95.狼煙とおっさん―5
それはいつも変わらない景色だった。
病院の一室から見える窓の外の景色。
もう何年もの間、この景色を向き合っているだろうか。
視界に映るのは一本の梢だけだ。
春には花が咲き、夏には若葉が萌え、秋には色づいて、そして枯れていく。
冬の訪れの度に、自分の生命もいつか同じように枯れていくのだと思うと、シノカミは自分ではどうしようもない恐怖に襲われることがあった。
夜が怖くて、眠れなかった。
もしも明日、目が覚めなかったらどうしよう。
今日が最後の日だとしたら。
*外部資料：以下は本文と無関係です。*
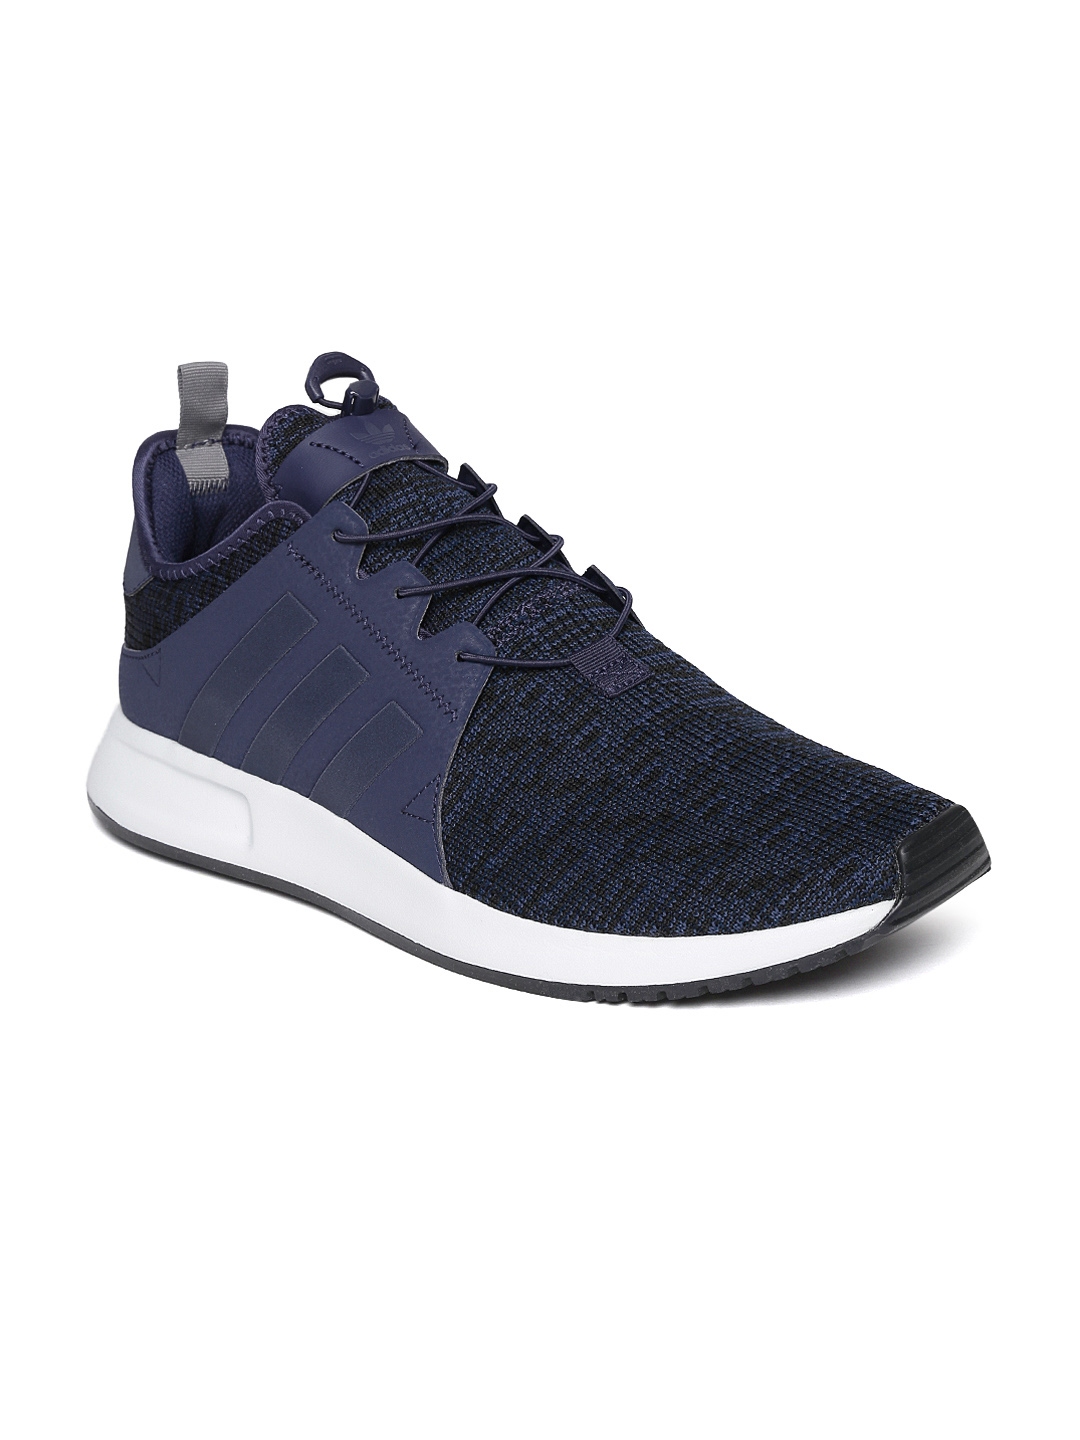 Buy ADIDAS Originals Men Navy Blue X_PLR Sneakers - Casual Shoes for ...
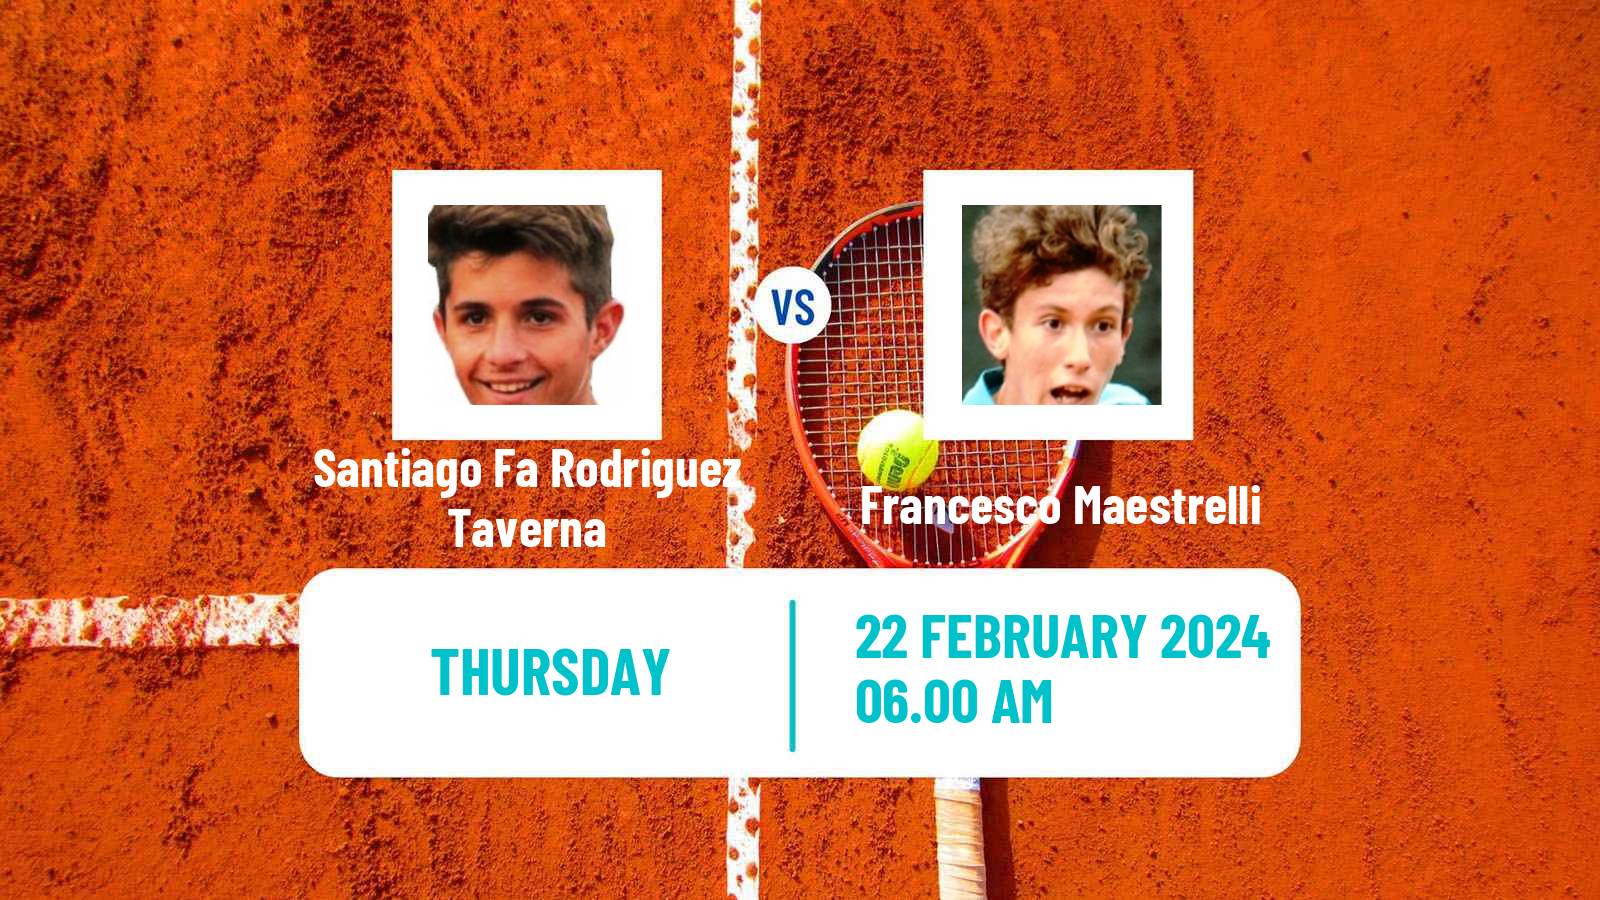 Tennis Tenerife 2 Challenger Men Santiago Fa Rodriguez Taverna - Francesco Maestrelli

もうやり残したことはないだろうか。
終わりのない不安と絶望の日々。
いつしかシノカミは、二つの相反する考えを持つようになる。
生きたい。
どうにかして病気を克服し、みんなと同じように希望に溢れた人生を送りたい。
死にたい。
こんな苦しみが続くならいっそ死んでしまいたい。でも、一人だけ死ぬなんて嫌だ。
「みんな一緒に死んでくれれば……そうすれば“平等”なのに」
どうして、自分だけがこんな目に遭わなければならないのか。
シノカミが抱き続けた暗い思いは、いつしか平等を求める、破滅の願望へと近付いていた。